'A collection of safe agents does not make a safe collection of agents'
A new government-commissioned report has flagged the growing risk of deploying multi-agent AI systems in the wake of their rising adoption in workplaces.
An AI agent is a system that interacts with an environment through observation and actions, with the objective of achieving a specific goal, according to the report from the Gradient Institute.
It is distinguished by its AI-driven adaptive decision-making engine, rather than following a set plan.
"This means that AI agents are able to handle greater variability, but often at the cost of reduced reliability and interpretability," read the report, commissioned by the Department of Industry, Science, and Resources.

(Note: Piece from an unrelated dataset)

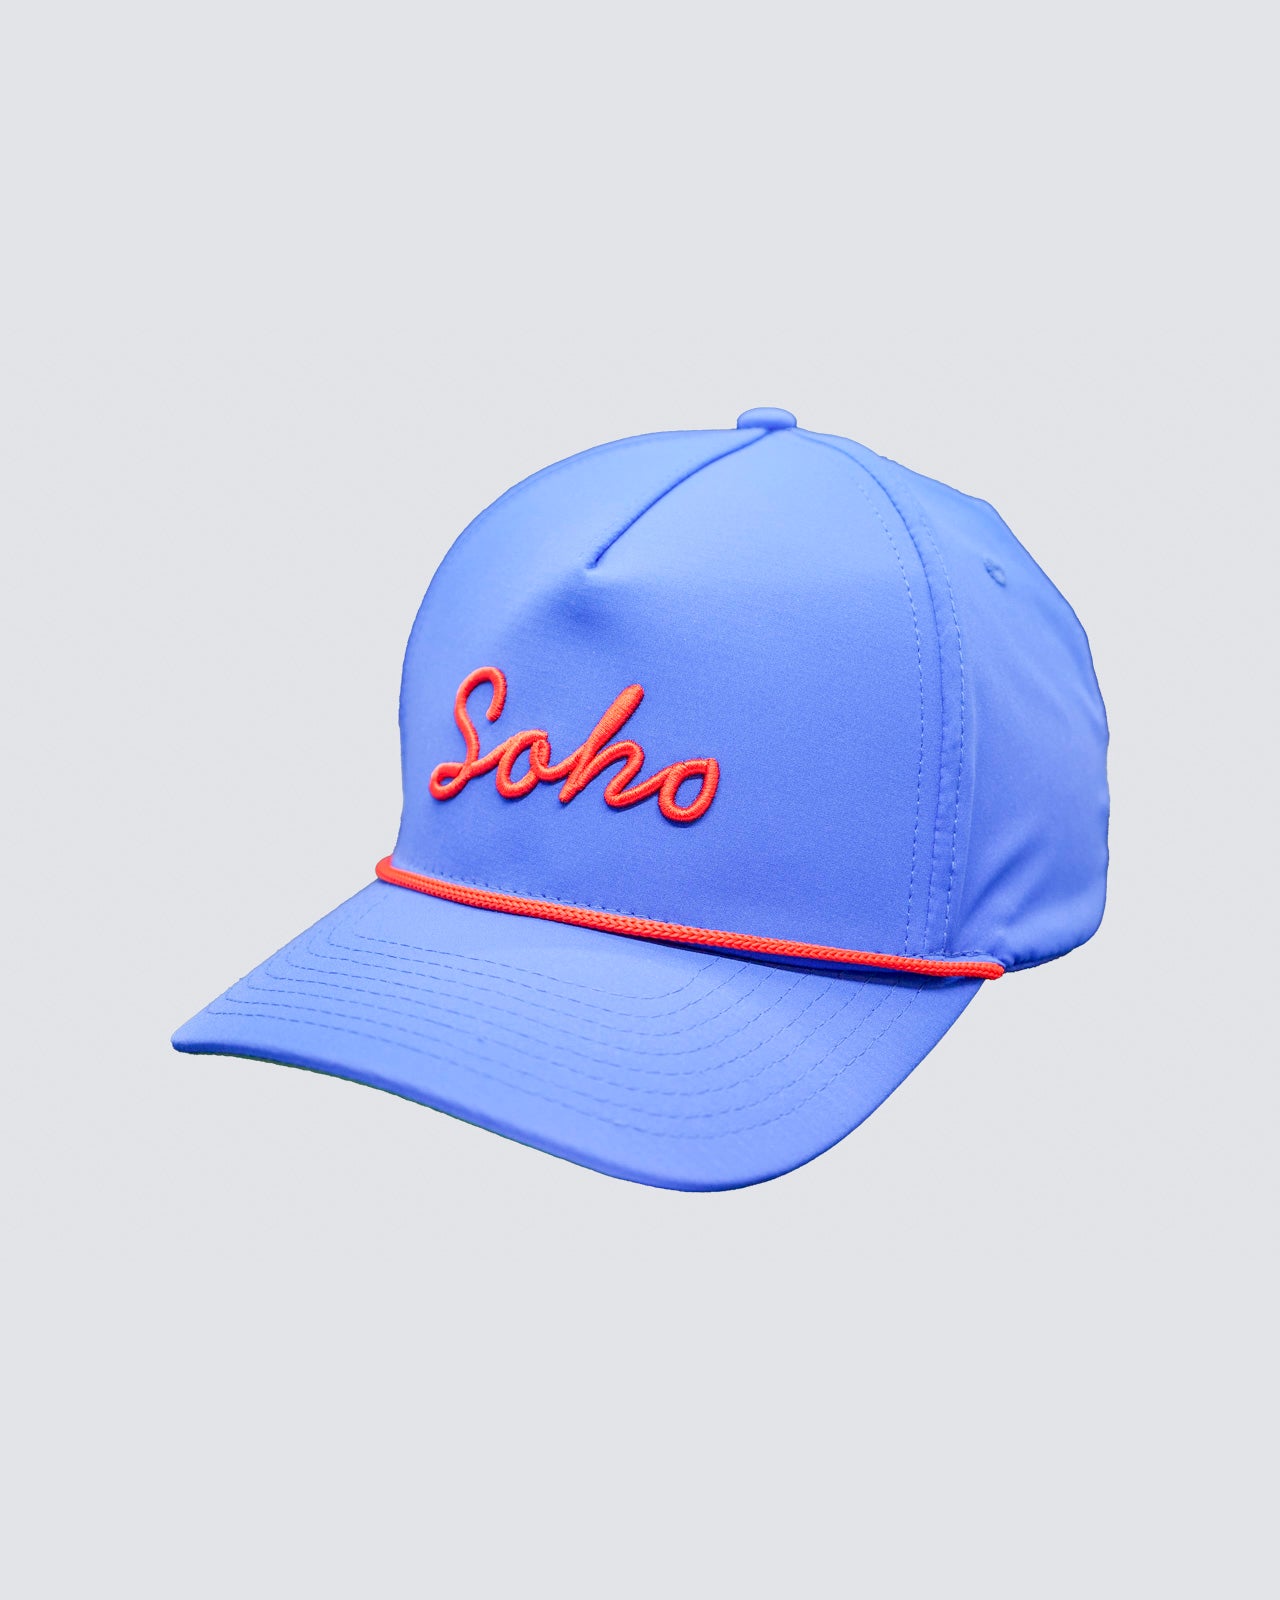 SOHO Hat in Medium Blue

In Australia, a SnapLogic poll found that 74% of business leaders consider the implementation and development of AI agents over the next 12 months as a priority.
Deployment of multi-agent systems
But the Gradient Institute's report found that single-agent deployments are evolving into multi-agent deployments that can interact with each other.

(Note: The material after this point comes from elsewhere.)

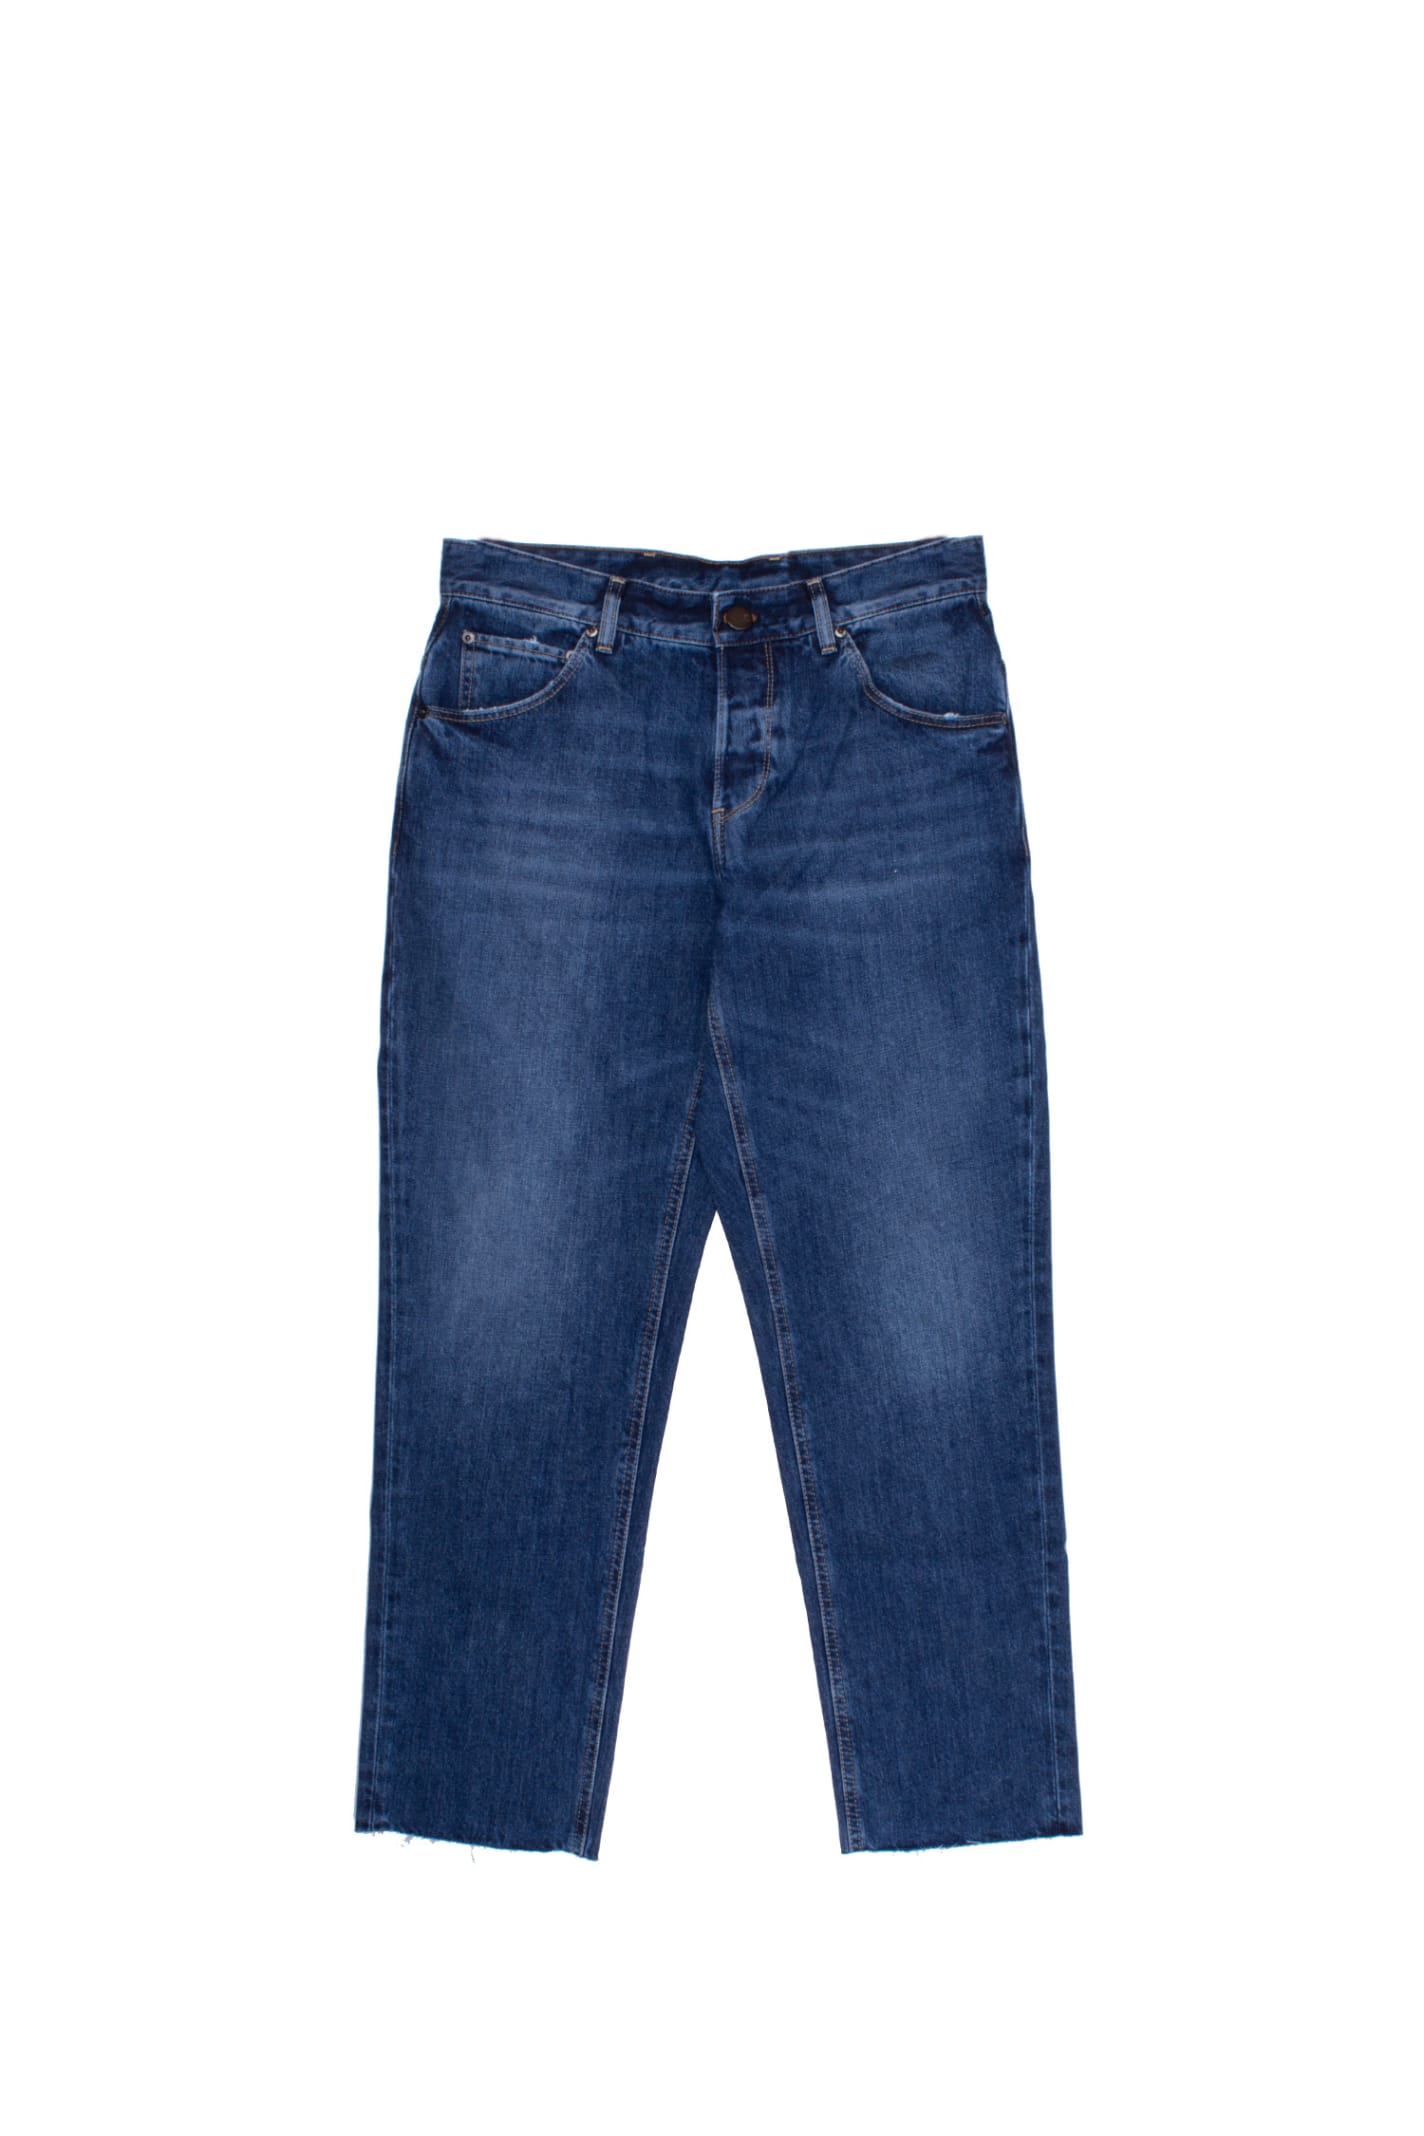 PT01 Cotton Jeans

It cited as an example employers' use of HR agents to process new hires, which must coordinate with IT agents for provisioning access and finance agents for setting up payroll.
"Such cross-functional dependencies suggest that enabling direct agent-to-agent communication could streamline operations beyond what isolated agents could achieve," the report read.
But Dr Tiberio Caetano, Gradient Institute's Chief Scientist and co-author of the report, pointed out that the use of multi-agent systems is a "fundamental shift in how organisations need to approach AI risk and governance."
"A collection of safe agents does not make a safe collection of agents," Caetano said in a statement. "As multi-agent systems become more prevalent, the need for risk analysis methods that account for agent interactions will only grow."
Risks of agents
Among the risks identified in the report are:
- Inconsistent performance of a single agent derailing complex multi-step processes
- Cascading communication breakdowns as agents misstate or misinterpret messages
- Shared blind spots, and repeated mistakes, when a team of agents all use similar AI models
- Groupthink dynamics where agents reinforce, rather than critique, each other's errors
- Coordination failures when agents don't understand what their peers know or need
- Competing agents optimising for individual goals that undermine organisational outcomes
The report offers a toolkit for organisations to identify and assess risks for multi-AI agent systems.
It also recommended progressive testing stages for multi-agent systems to increase exposure to potential impacts.
"By providing practical tools grounded in rigorous science, we're enabling organisations to better understand the novel risks that emerge when AI agents work together - and how to start addressing them," said Bill Simpson-Young, CEO of Gradient Institute, in a statement.
"The path forward isn't about avoiding this technology; it's about deploying it responsibly with awareness of both its potential and its pitfalls."